About this exercise:
Locate the line containing "For Sale: An" in the material below. Copy that line and all following lines through the end exactly, omitting any pictures.

Given data:
------

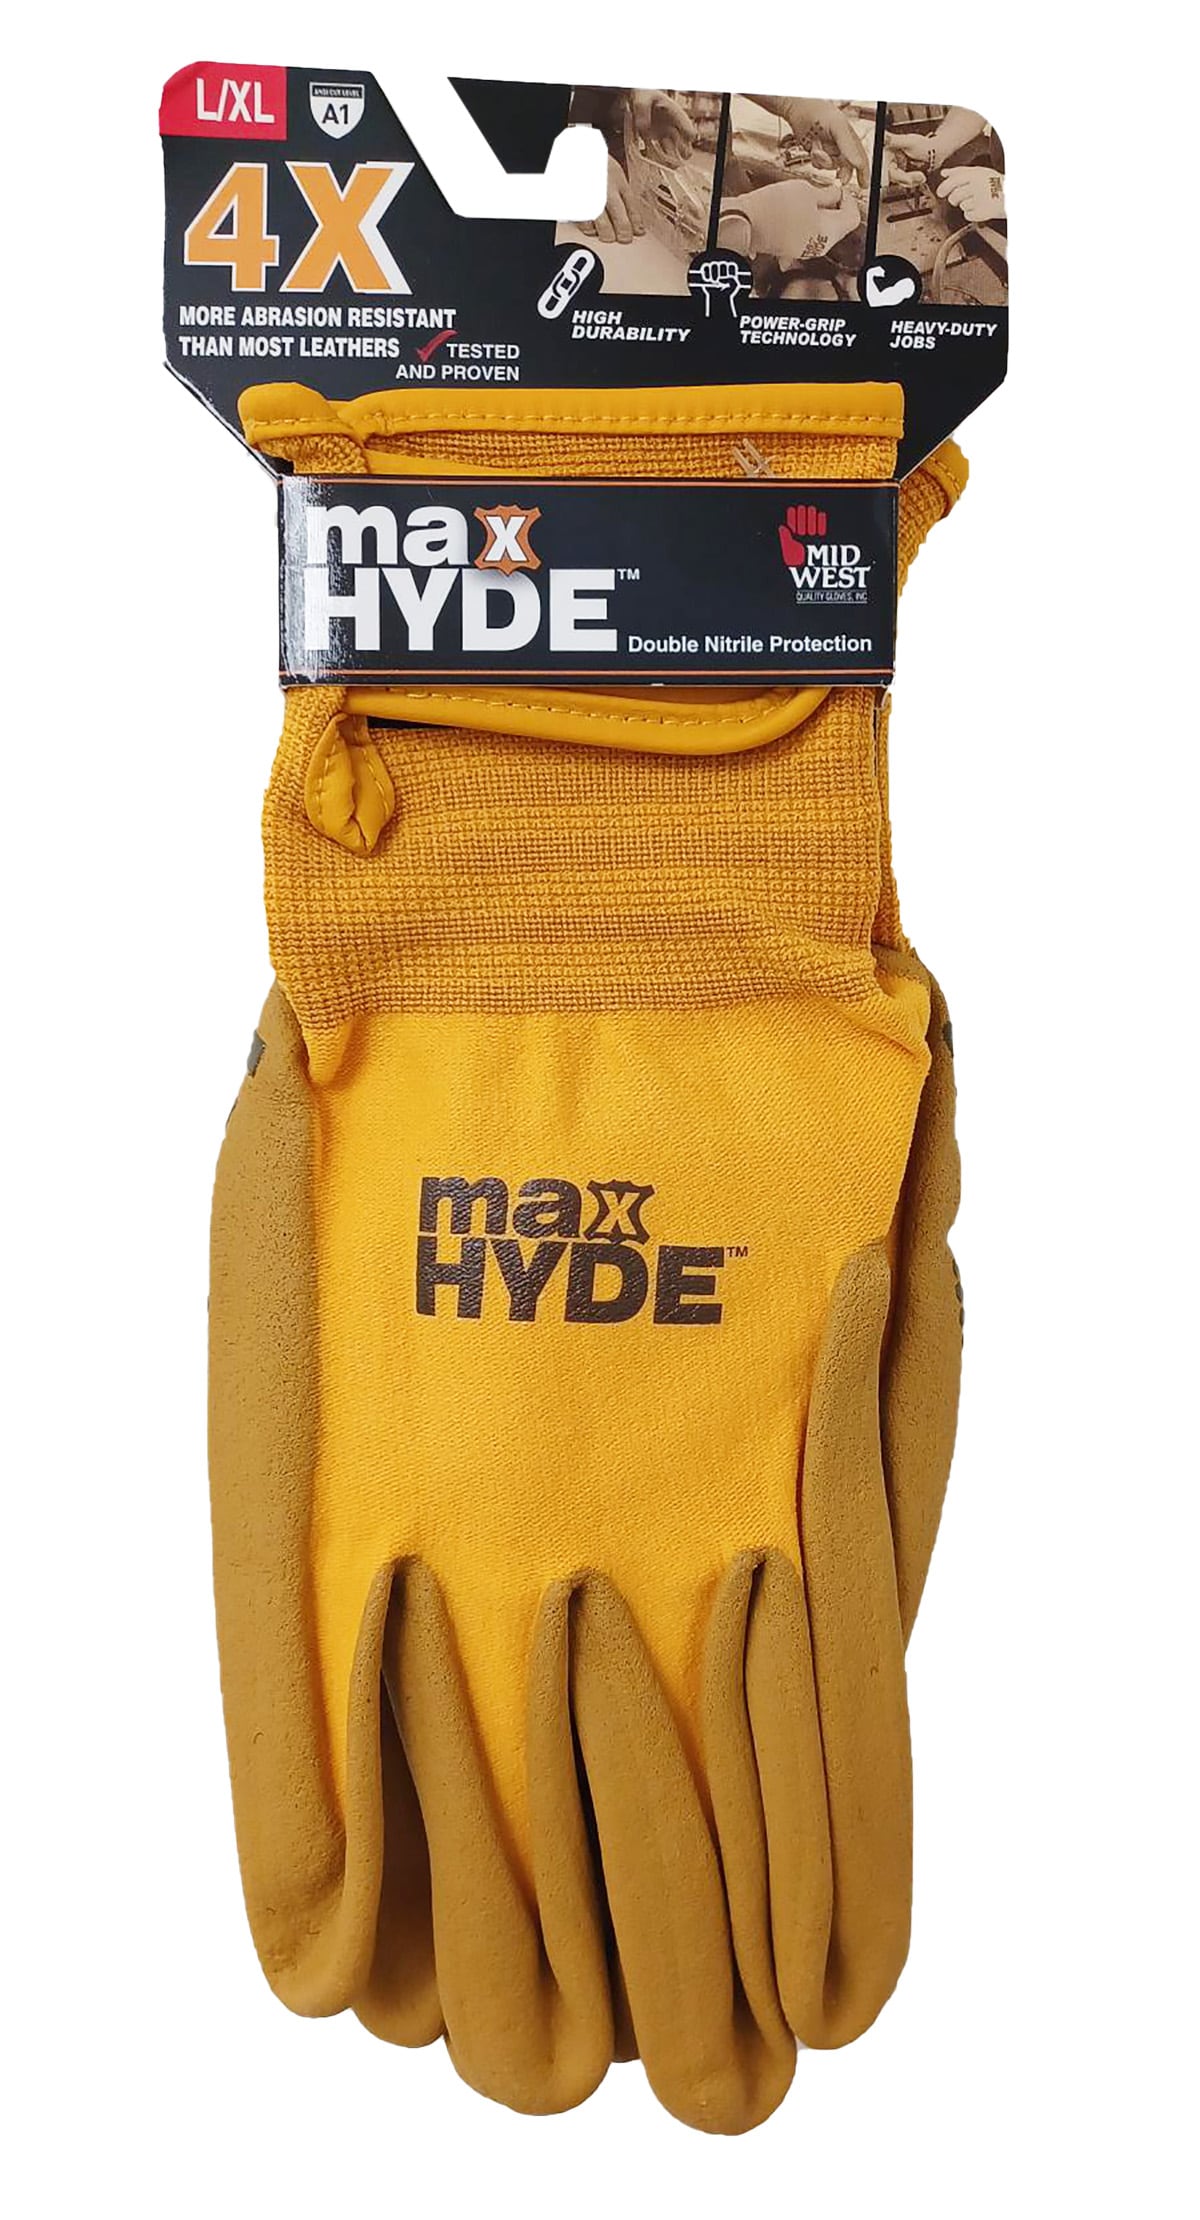 Midwest Quality Gloves, Inc. Gloves, Outwears, 3 to 1, L/XL, Max Grip
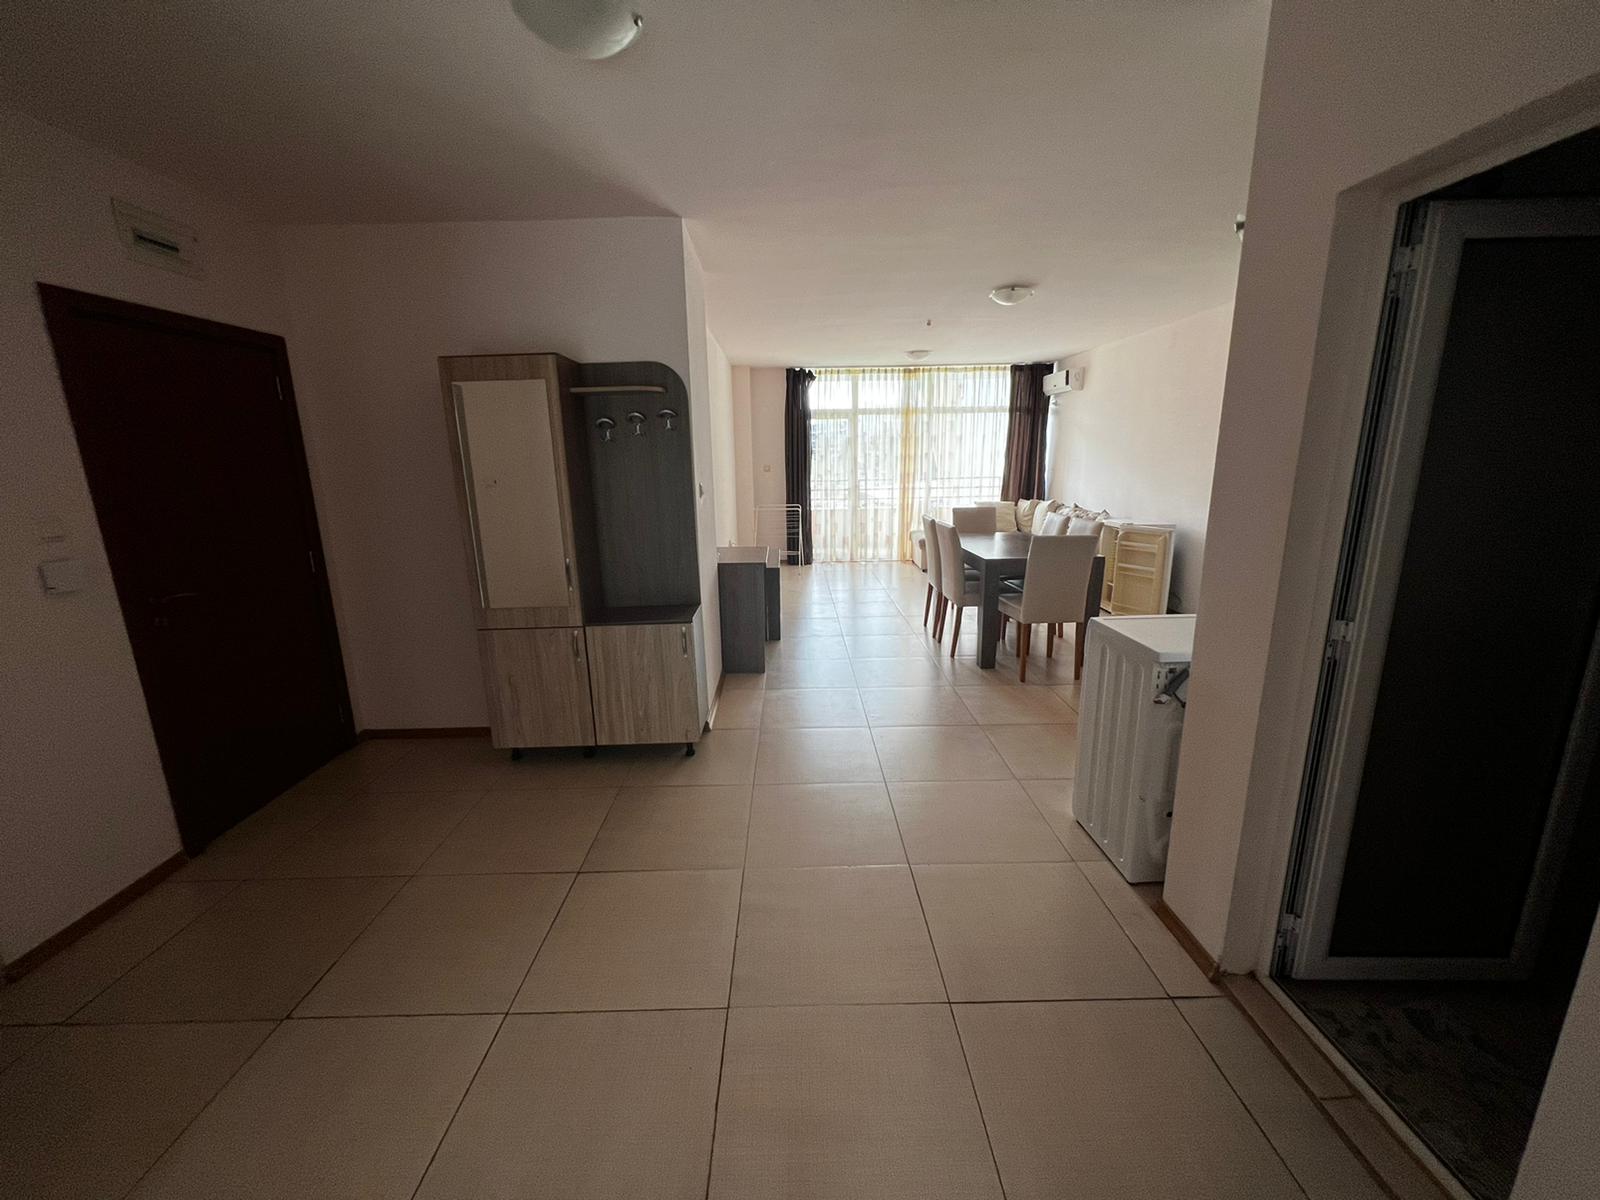 For Sale: An amazing two-bedroom apartment in Sunny Beach
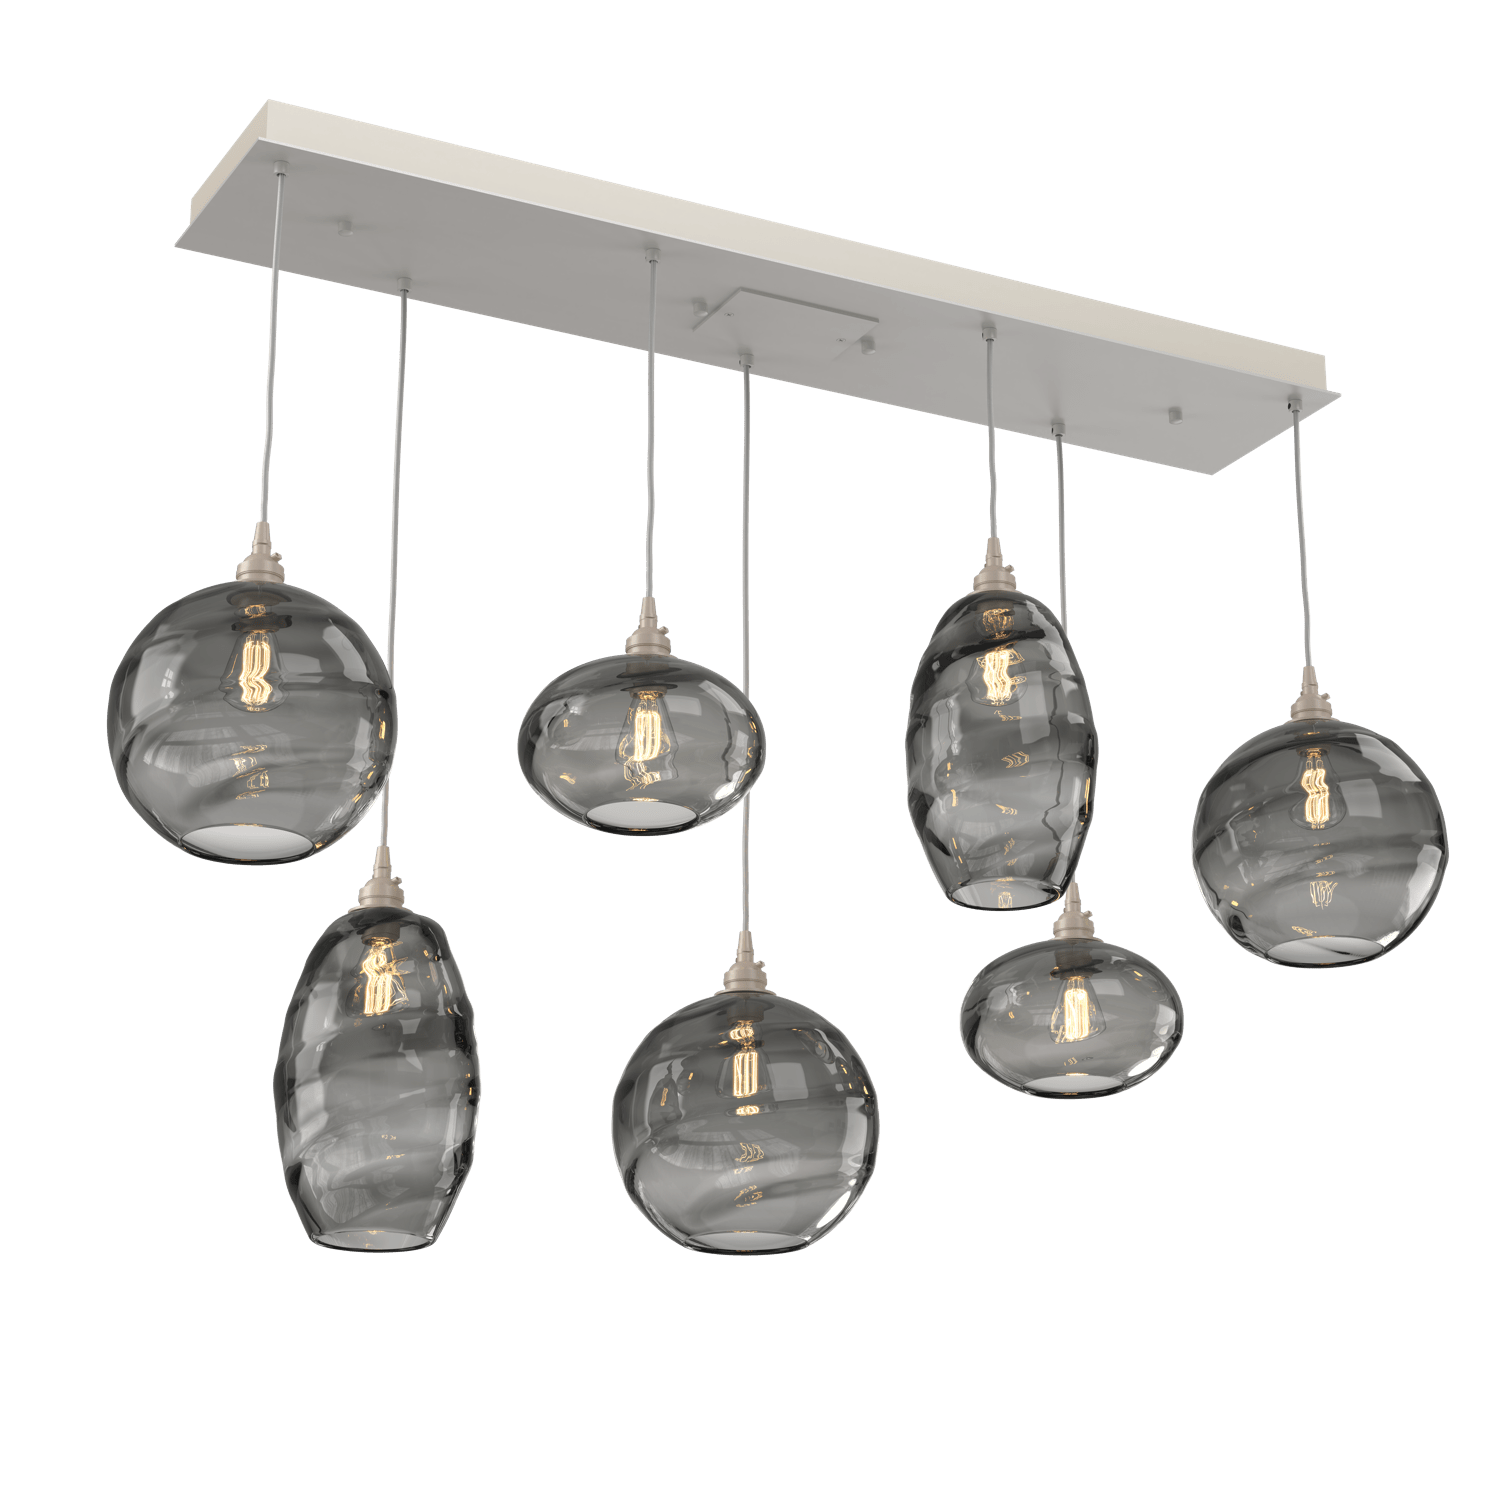 PLB0048-07-BS-OS-Hammerton-Studio-Optic-Blown-Glass-Misto-7-light-linear-pendant-chandelier-with-metallic-beige-silver-finish-and-optic-smoke-blown-glass-shades-and-incandescent-lamping

------

Solution to this exercise:
 For Sale: An amazing two-bedroom apartment in Sunny Beach
 PLB0048-07-BS-OS-Hammerton-Studio-Optic-Blown-Glass-Misto-7-light-linear-pendant-chandelier-with-metallic-beige-silver-finish-and-optic-smoke-blown-glass-shades-and-incandescent-lamping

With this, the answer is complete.